I don’t pretend to have a great fund of knowledge outside of my field, but I do know when I am hearing statements of “fact” that are just plain nonsense. For the most part I have learned to keep my mouth shut when this happens, but occasionally I hear misinformation that actually could be harmful and then I speak up, as tactfully as I can.

“No shows” are patients who have appointments but don’t come in and don’t cancel the appointment. This was rarely a problem before I retired but is quite prevalent where I am now. Attempts to reach these people or to charge a fee for these missed appointments largely fail.

“Allergy” can be a sort of dumping ground for patients’ problems which are difficult to diagnose, and irritates me when I am expected to treat things like Alzheimer’s Disease, all manner of odd food intolerances and a whole range of non-allergic skin diseases.
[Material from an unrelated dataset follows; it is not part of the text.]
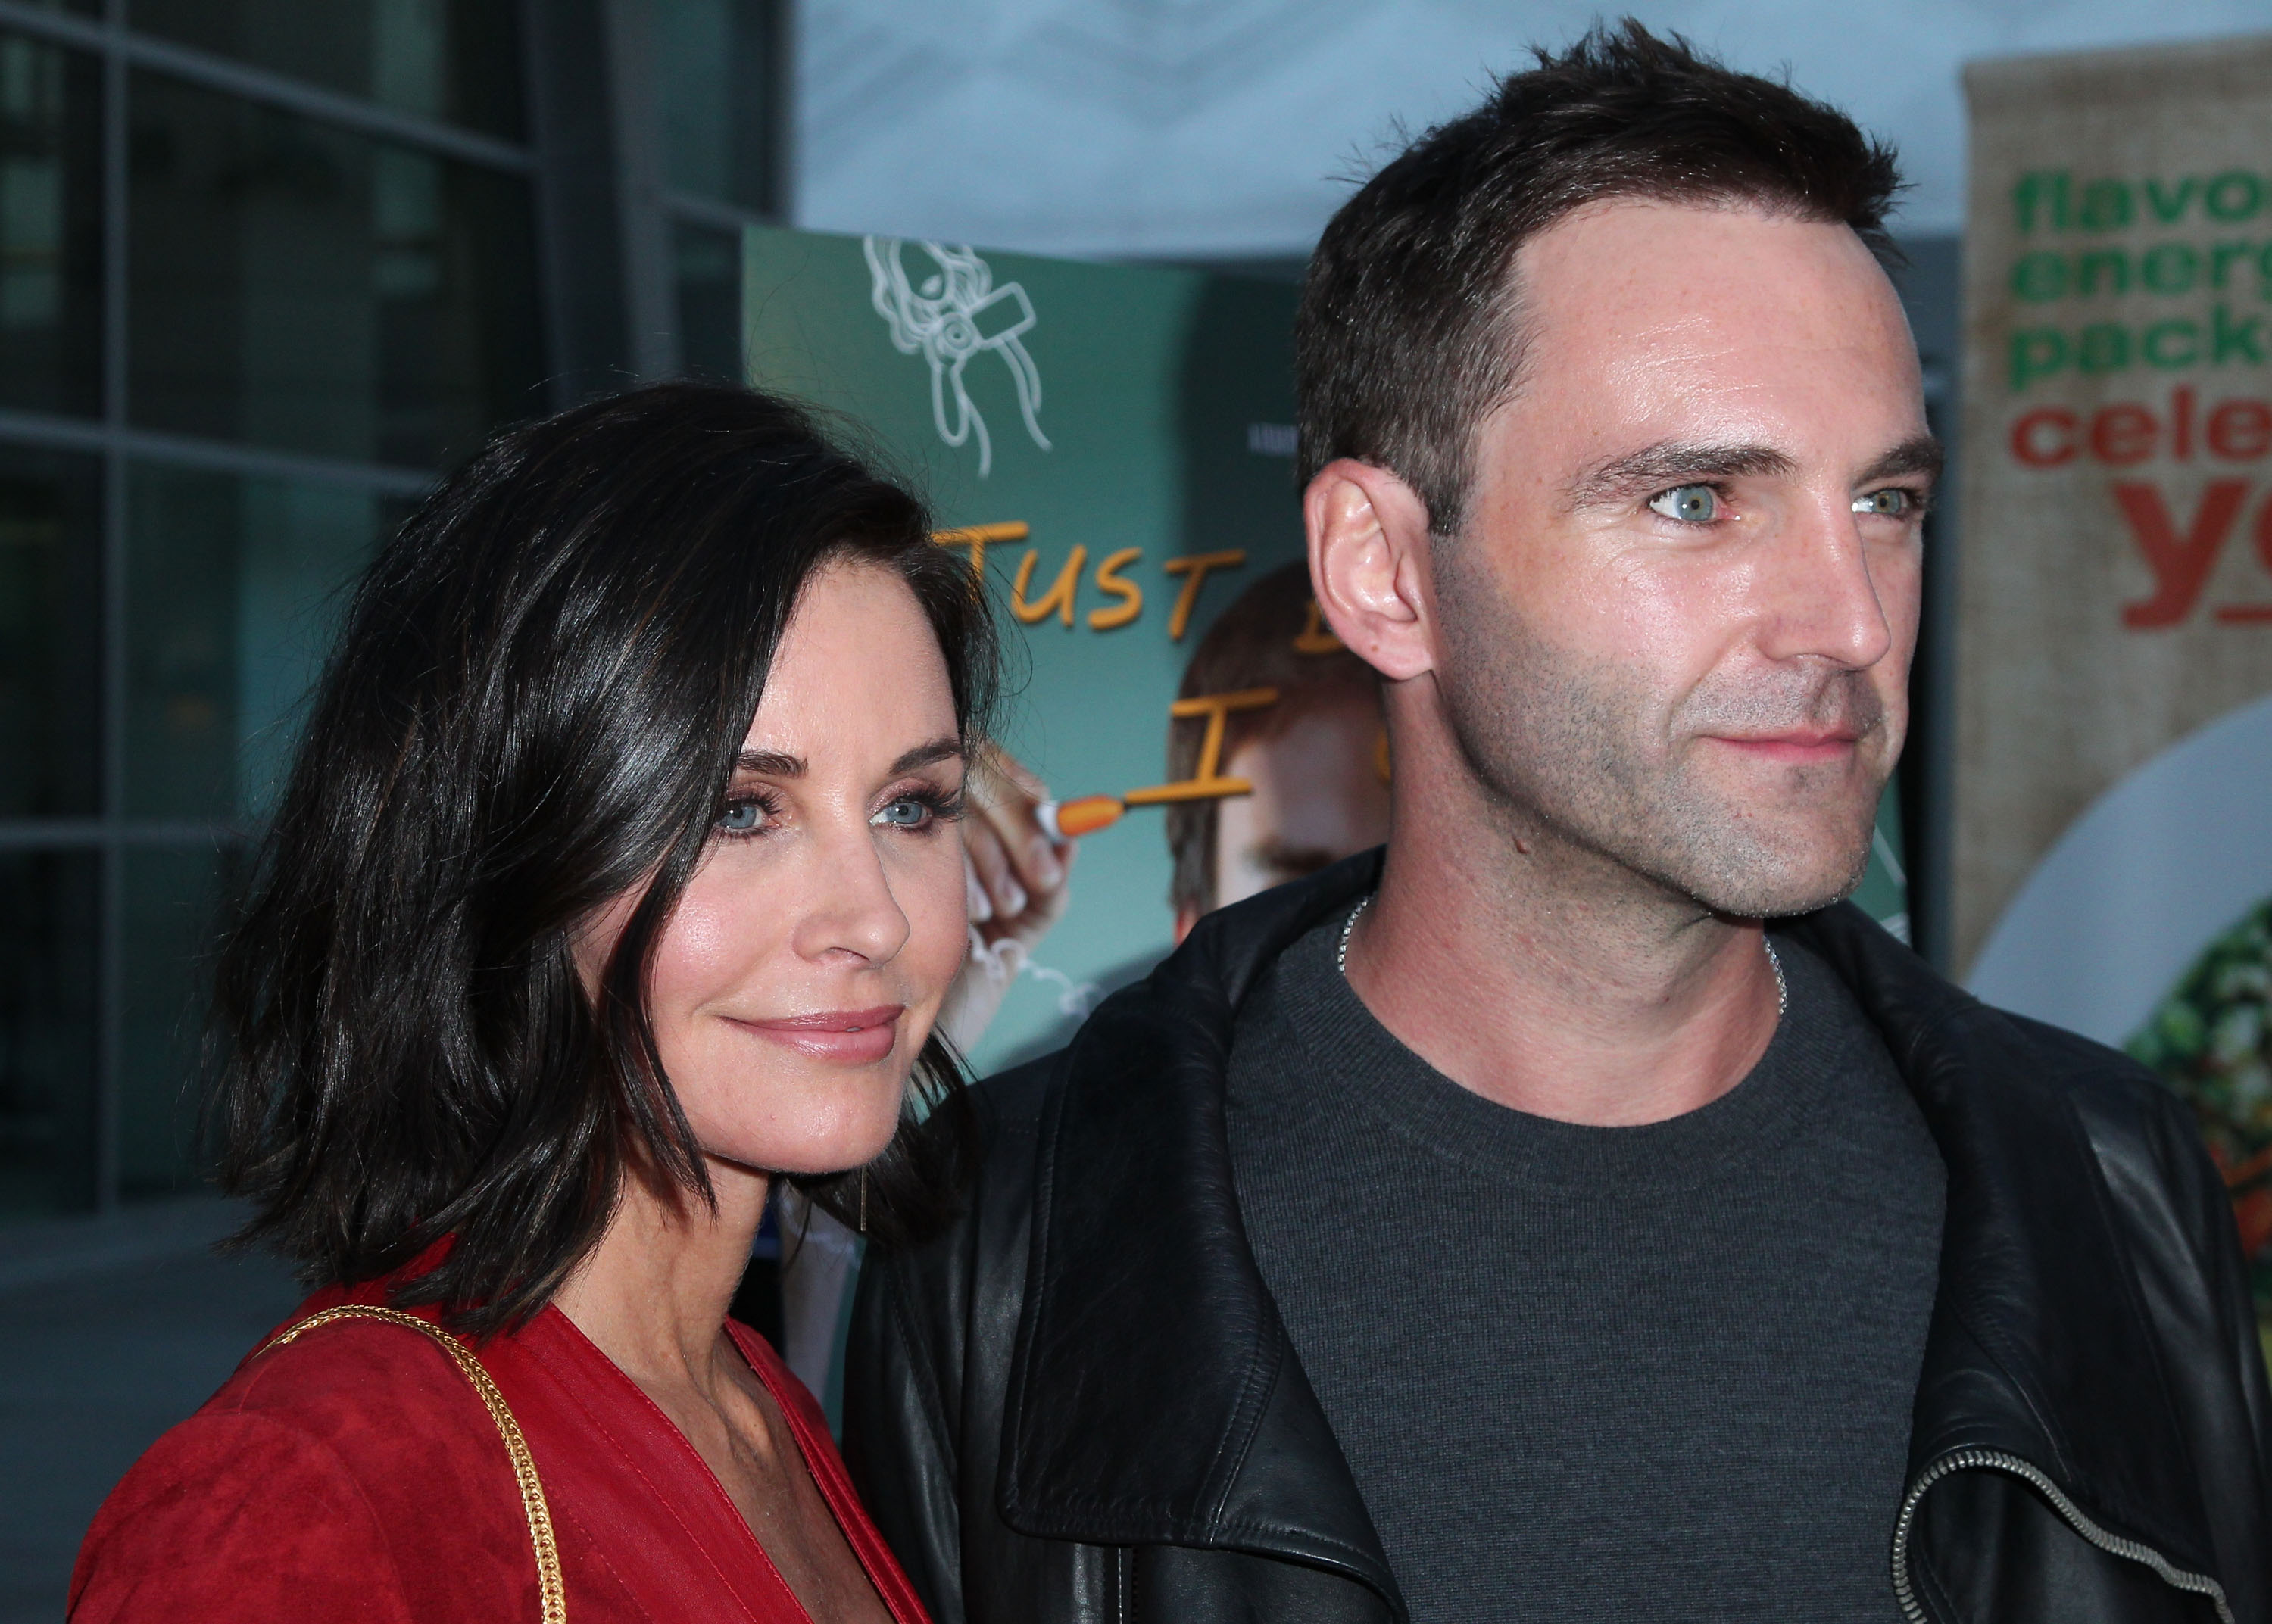 HOLLYWOOD, CA - APRIL 20: Actress/director Courteney Cox (L) and songwritwer Johnny McDaid attends the screening of Anchor Bay Entertainments Just Before I Go at ArcLight Hollywood on April 20, 2015 in Hollywood, California. (Photo by David Buchan/Getty Images)

However, in fact, my career blossomed after I sent a patient back to the ENT doctor who sent her to me because he could not tell what was wrong with her and it had to be “allergic”. He had an enormous practice in town and had never sent me a patient before. So I did all the usual things including skin testing, and I could not find anything wrong which could be attributed to allergy. I was quite disappointed when I sent her back to the ENT doctor with negative findings. I could have easily said that she needed allergy shots, but I never did business that way. He called a few days later, told me that he had reexamined the patient and had found an anatomical abnormality that he missed initially. He complimented me on my diagnostic honesty and from then on sent all of his allergy work to me. A real coup for me.

Other problems include not receiving reports from physicians I have sent to other doctors, being called down because of the oral cortisone medications I need to use in higher doses than referring physicians would prefer, and having repeatedly to reeducate emergency room doctors on the correct treatment for allergic, sometimes life-threatening, emergencies

A Future Physician

Just the other day I looked up from writing some instructions for her mother and saw my five year old (“I’m almost six!”) patient with my stethoscope in her ears, placed correctly. As I went back to my writing, I felt my stethoscope pressed on my back. My patient, quite emphatically, said, “Breathe!” I did as I was told, as noisily as I could so that she would hear something through my clothes. When she was done with her exam, I asked her if she was going to be a doctor. “Probably,” she replied and went off to get her lollipop. Who knows, maybe someday she’ll write some tales about her life in medicine.